Generate h5ad files for embedding datatype and cellxgene browser
Generate h5ad files for embedding datatype and cellxgene browser
The h5ad files are composed of a cell by feature (e.g. gene, peak) matrix, metadata such as cluster labels for barcodes, and the embeddings (e.g., tSNE, UMAP, PCA).
R objects from seurat/bioconductor to h5ad file using Seurat conversion tools & Sceasy
$conda activate my_env
$R
>lung <- readRDS("./snRNA_lung.rds")
>library(Seurat)
>library(reticulate)
>library(sceasy)
>use_condaenv("my_env", required = TRUE)
>sceasy::convertFormat(lung,from = "seurat",to = "anndata", outFile = "snRNAlung.h5ad")

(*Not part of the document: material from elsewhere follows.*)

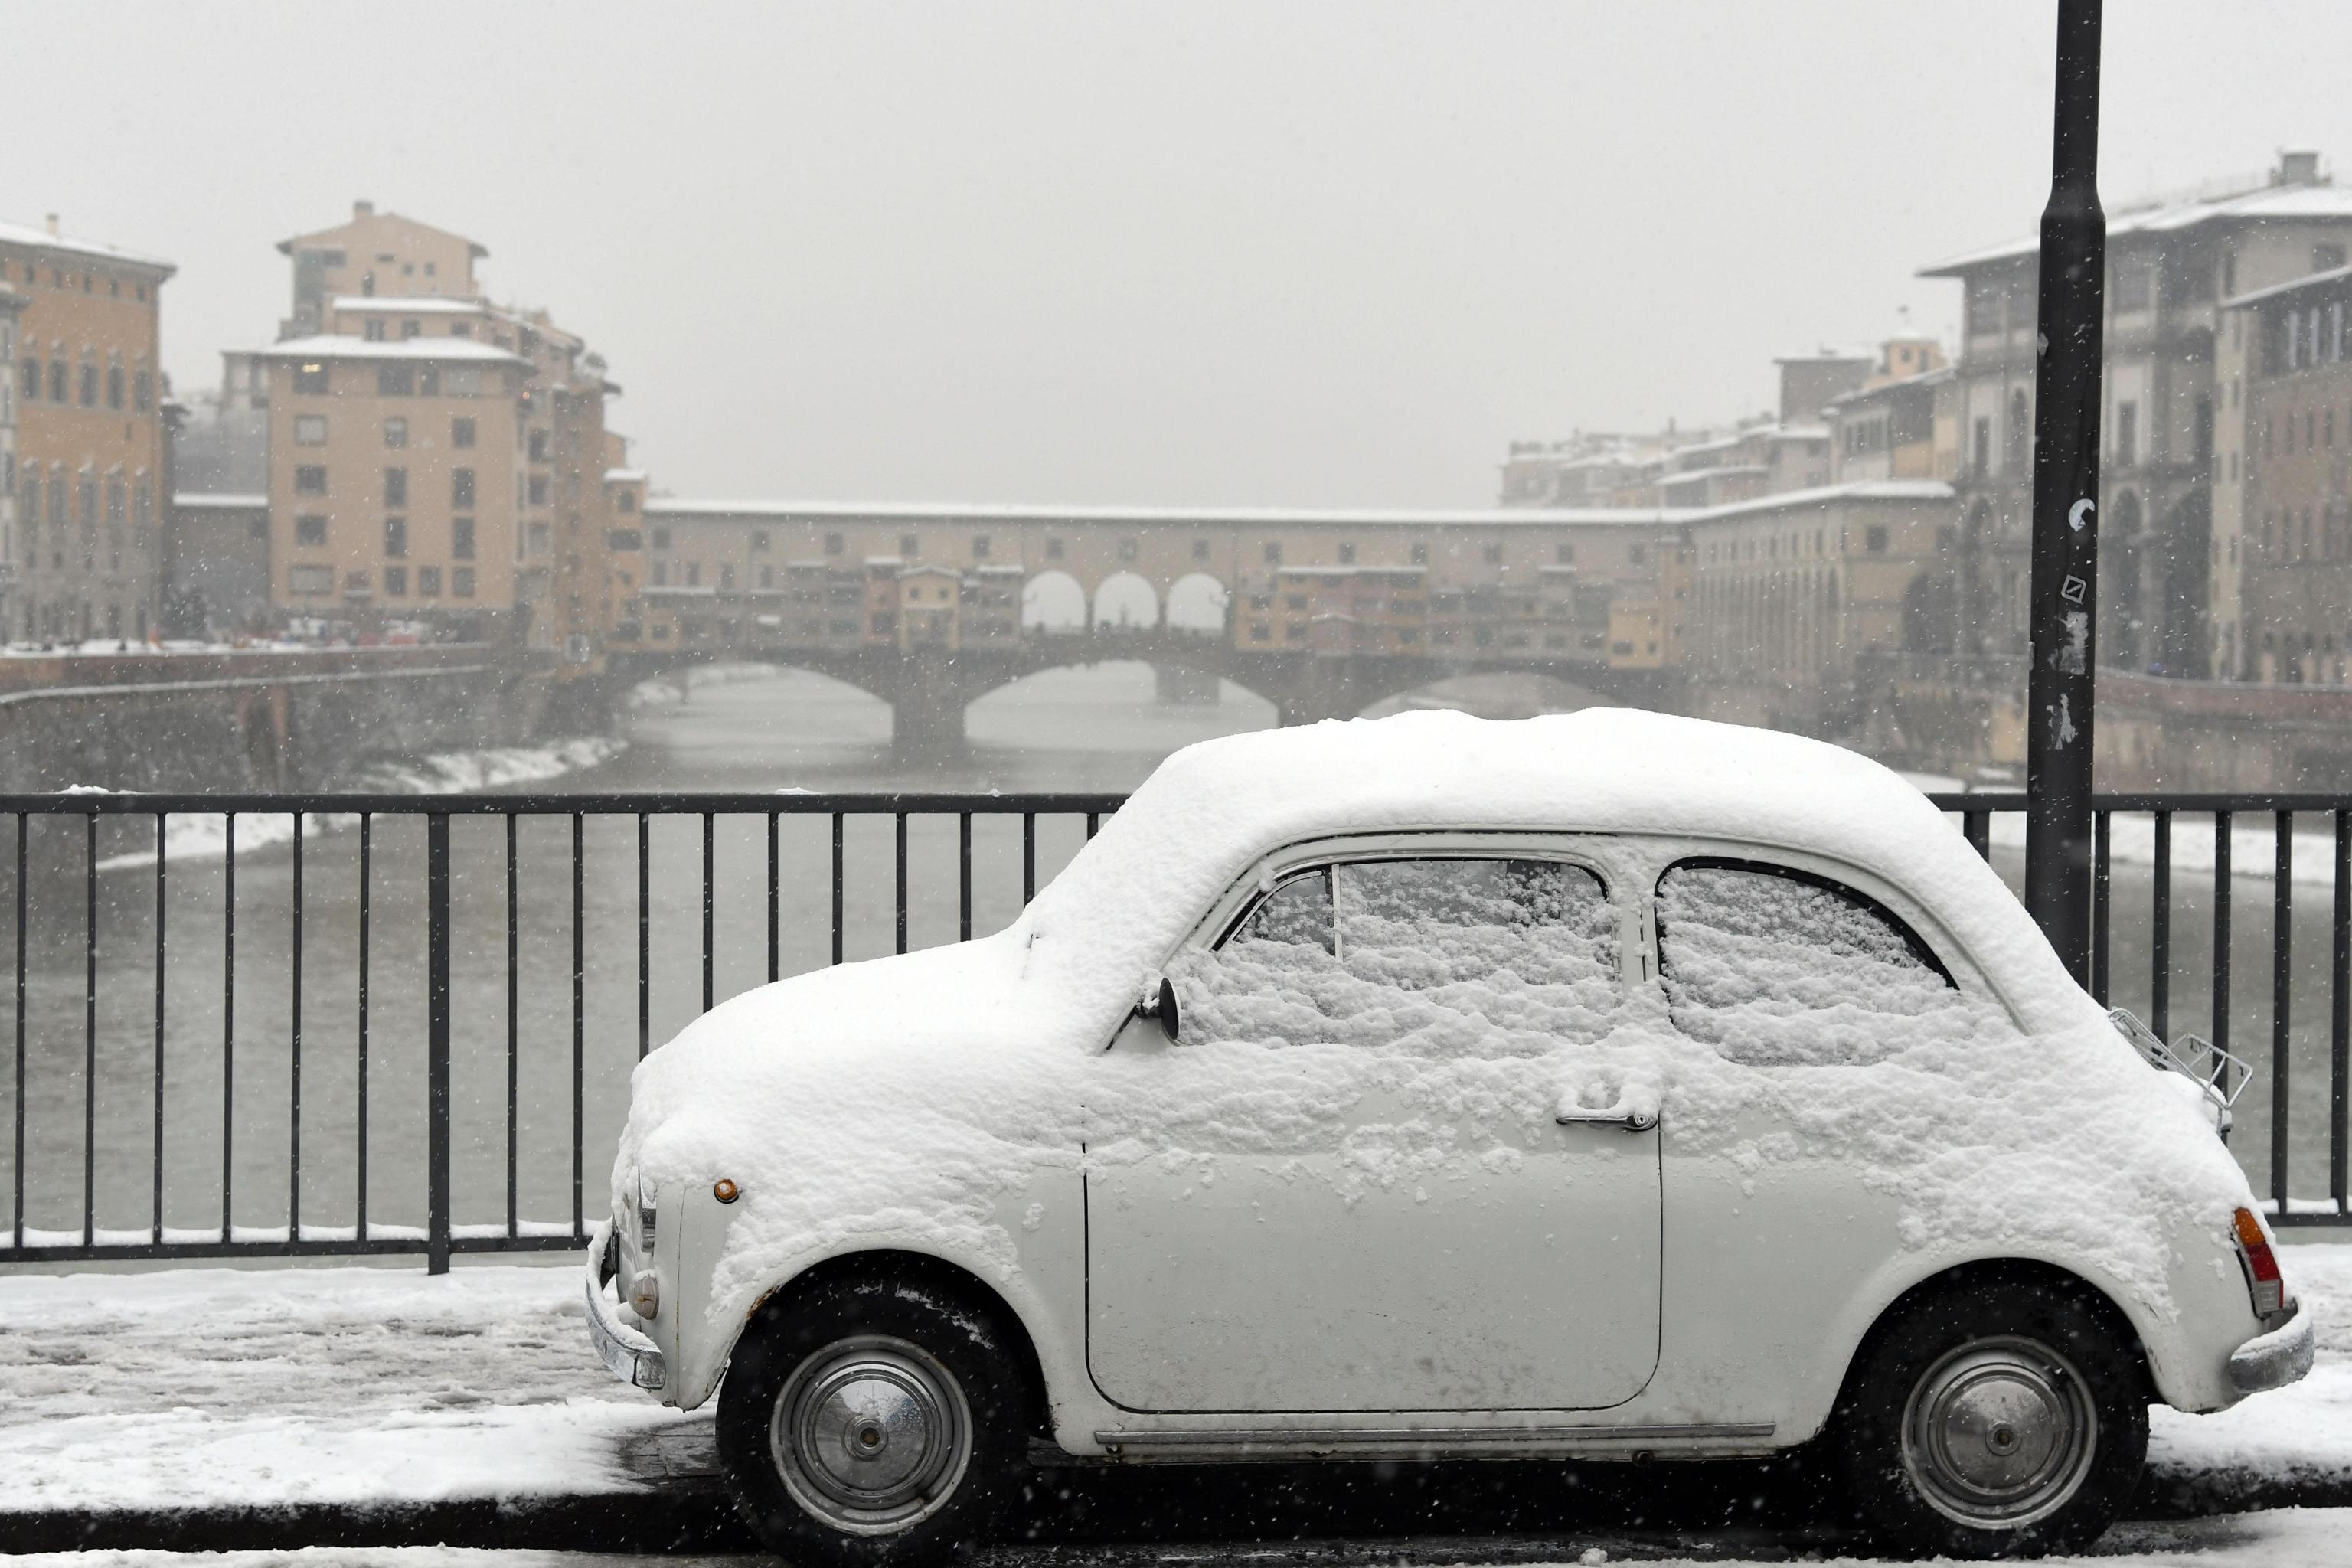 Maltempo: allerta neve Toscana, chiuse scuole a Firenze

Create h5ad using matrix, metadata and embedding files using scanpy.read_mtx which will result in an anndata file (that can be written to .h5ad)
>>>import scanpy as sc
>>>import pandas as pd
>>>adata = sc.read_mtx("/home/ubuntu/matrix.mtx")
>>>adata.obs = pd.read_csv("/home/ubuntu/meta.csv")
>>>embeddings = pd.read_csv("/home/ubuntu/UMAP_coordinates.coords.csv")
>>>embeddings = embeddings.to_numpy()
>>>adata.obsm["X_umap"] = embeddings
Writing h5ad output
>>>data.write("/home/ubuntu/snatac.h5ad")
Use case
>>>import scanpy as sc
>>>import pandas as pd
Step2 - Read matrix market format
Sample matrix file
%%MatrixMarket matrix coordinate integer general % 27605 35067 61017931 1 1 1 2 1 1 3 1 1
adata = sc.read_mtx("/cmdga/RNA.matrix.mtx")
Step 3 - Read metadata
Sample metadata file is in csv format with barcode & metadata such as celltype, compartment, sample, condition, age, sex etc.
cluster_name,subject Type II muscle fibers,KSM1 Type II muscle fibers,KSM1 Type I muscle fibers,KSM1 Type II muscle fibers,KSM1
>>>adata.obs = pd.read_csv("/cmdga/metadata.csv")
Step 4 - Read embedding file
dim1,dim2 1.06232331651473,-2.53162407670363 4.03972034114623,-6.998375175336442 0.684326096952196,7.868162395616928 0.6370403315427271,-4.30017423425063 -7.71711511951661,4.6345155259575
>>>embeddings = pd.read_csv("/cmdga/RNA.umap.csv")
>>>embeddings = embeddings.to_numpy()
>>>adata.obsm["X_umap"] = embeddings
Step 6 Writing h5ad output
>>>data.write("/cmdga/snrna_muscle.h5ad)
Visualization of h5ad files on cellxgene browser
Data structure: anndata fields used for visualization
Expression data
Gene expression values are pulled from anndata.X
. These feed into the histograms, scatterplot, colorscale, and differential expression calculations.
Metadata
Categorical (e.g., cluster labels) and continuous (e.g., pseudotime) metadata are pulled from anndata.obs
. Any column added here will be available for visualization in cellxgene.
Embeddings
cellxgene looks for embeddings (e.g., tSNE, UMAP, PCA, spatial coordinates) in anndata.obsm
. These fields must follow the scanpy convention of starting with X_
, e.g., anndata.obsm['X_umap']
. If an embedding has more than two components, the first two will be used for visualization.